L’année passée j’avais été choisie par ma commission à l’Assemblée nationale pour être rapporteure pour avis sur le projet de loi HADOPI. La lutte contre le piratage des oeuvres culturelles sur Internet est donc un sujet que je connais particulièrement bien et que je suis avec la plus grande attention.
Je me réjouis donc de la décision du Conseil d’Etat qui a rejeté ce matin le recours en référé contre l’HADOPI déposé par le fournisseur d’accès à Internet FDN, fournisseur d’accès associatif que j’avais tenu à auditionner l’année passée dans le cadre de l’examen du projet de loi HADOPI à l’Assemblée nationale.
Je vois dans ces recours de grossières tentatives de freiner la lutte contre le piratage des oeuvres culturelles que mène l’HADOPI par la volonté du législateur.
Dans un Etat de droit, il est normal que des recours puissent être examinés et tranchés par la plus haute juridiction administrative.
Dans un Etat de droit, il est également normal que la propriété intellectuelle soit protégée, y compris sur Internet.
- L’HADOPI contribue à développer un Internet civilisé, respectueux des libertés et des droits et devoirs de chacun.
- L’HADOPI contribue de la même manière au développement de l’offre légale, qui est l’une clé essentielle de la réussite de la lutte contre le piratage.
Le Président de la République, Nicolas SARKOZY, dès le début de son quinquennat, a toujours agi en faveur de la culture et de la création. Il n’est donc pas étonnant qu’il ait fait de la lutte contre le piratage une priorité, une priorité car le piratage est injuste et dangereux.

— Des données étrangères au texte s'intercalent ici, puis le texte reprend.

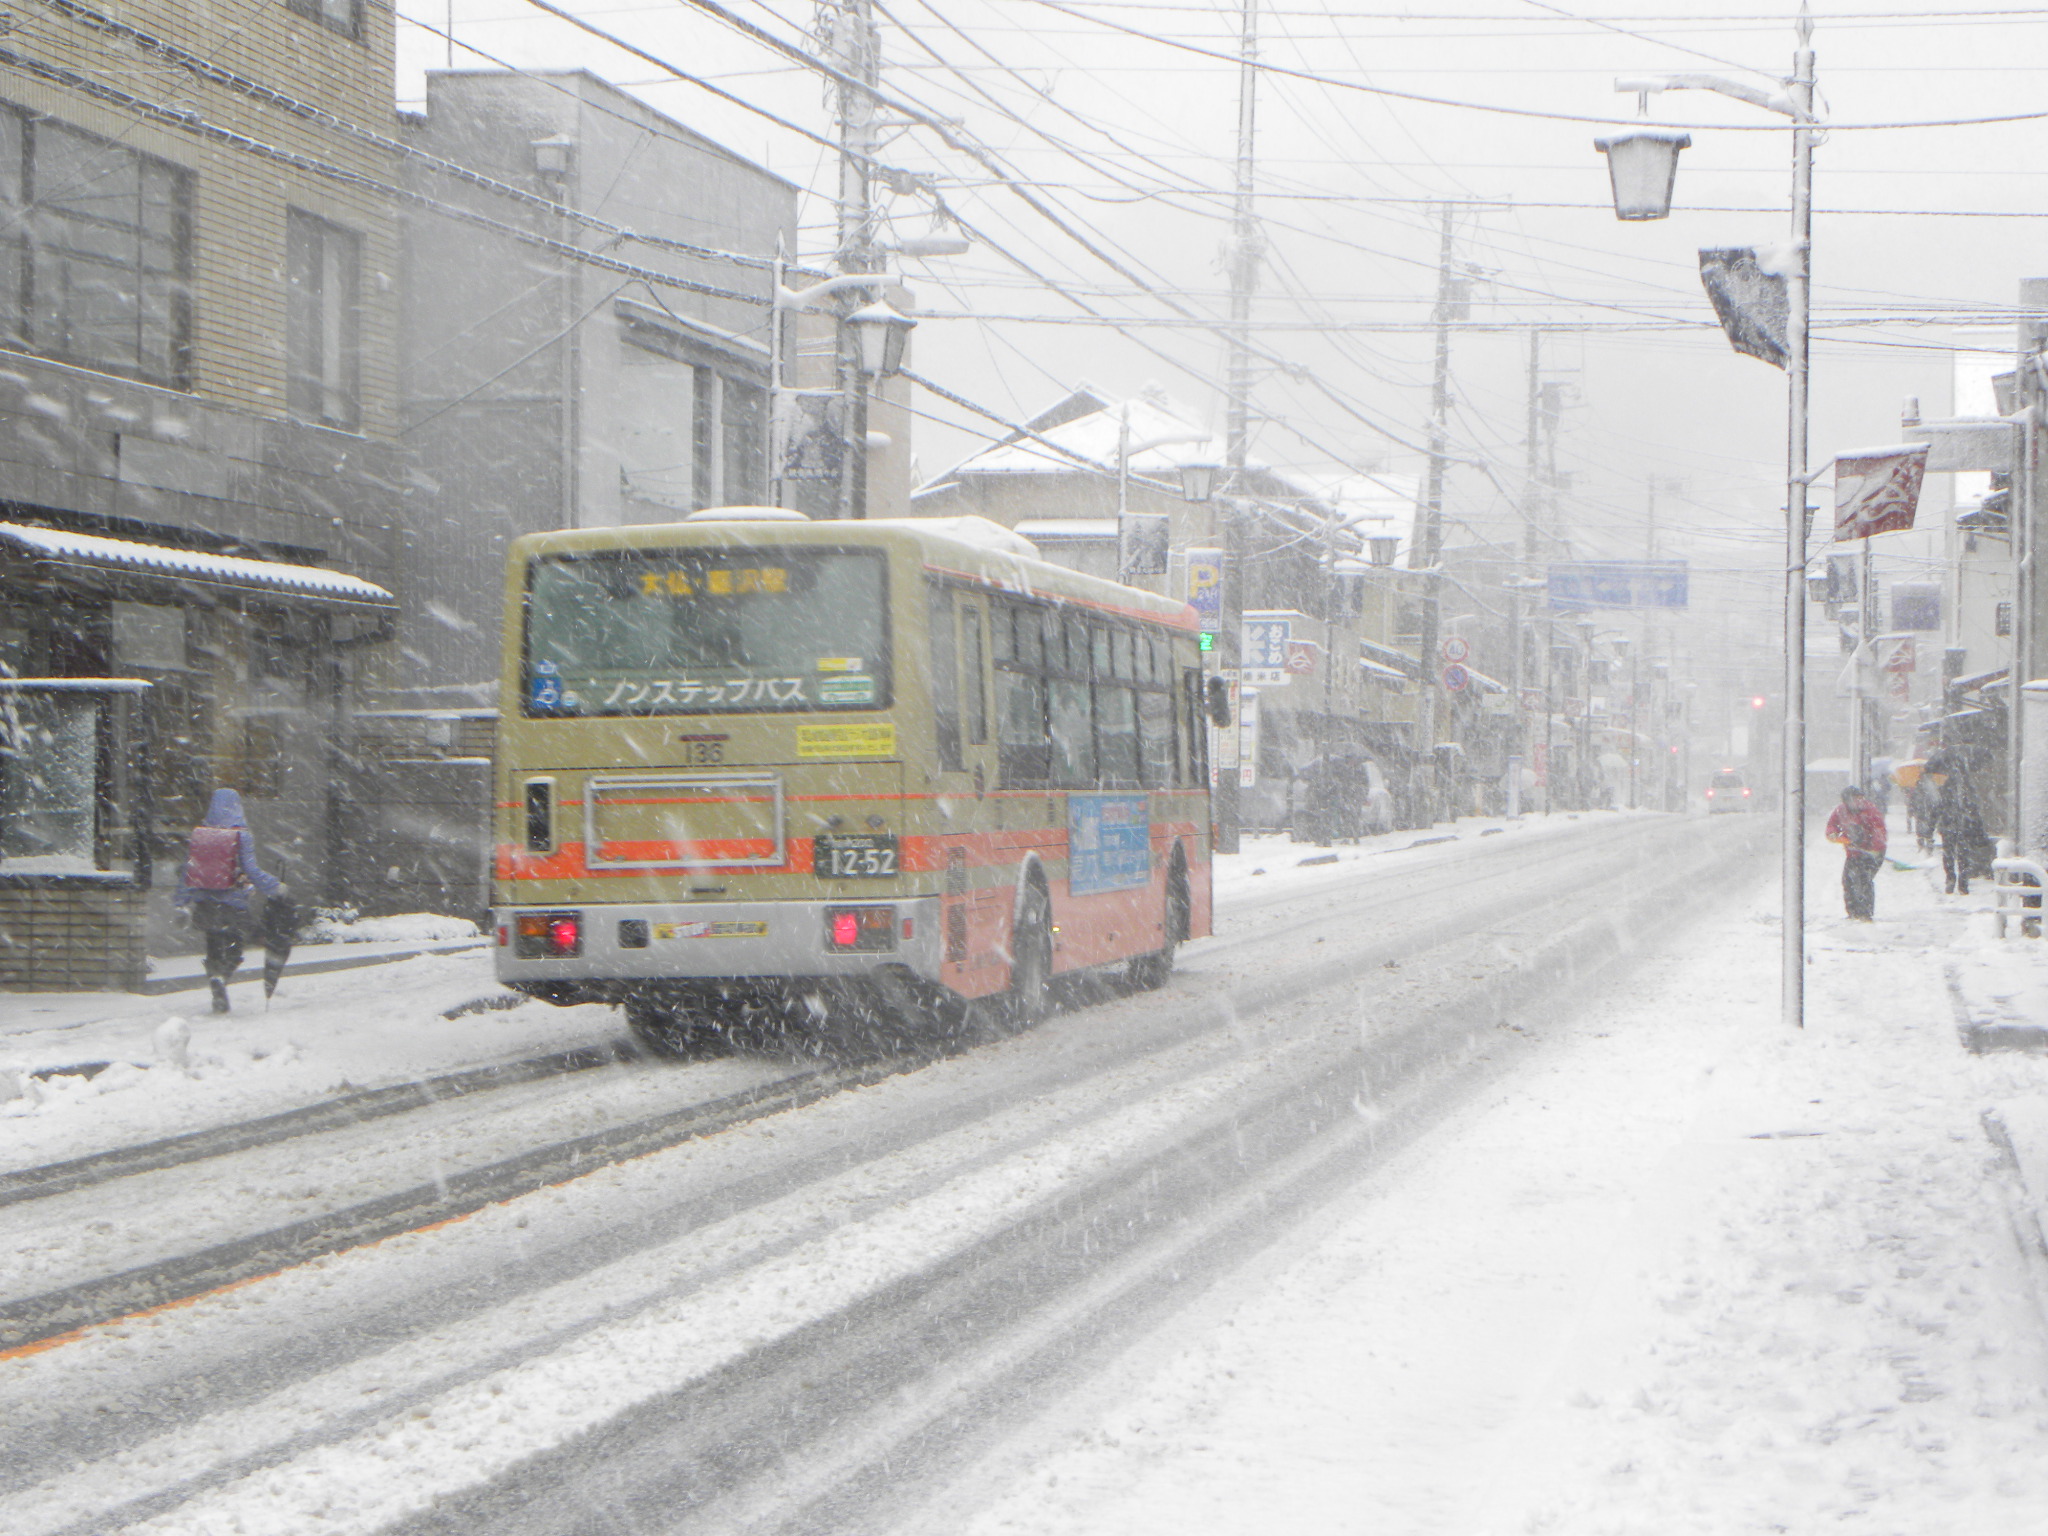 Kamakura Snow Storm

Injuste car pirater c’est du vol, un vol qui spolie les créateurs des fruits mérités de leur travail. Dangereux car il porte atteinte à la qualité et à la diversité de la création, ce qui, à terme, pourrait tuer la création et réduire d’autant le choix des internautes.
L’HADOPI fonctionne donc dans l’intérêt de tous…y compris des pirates.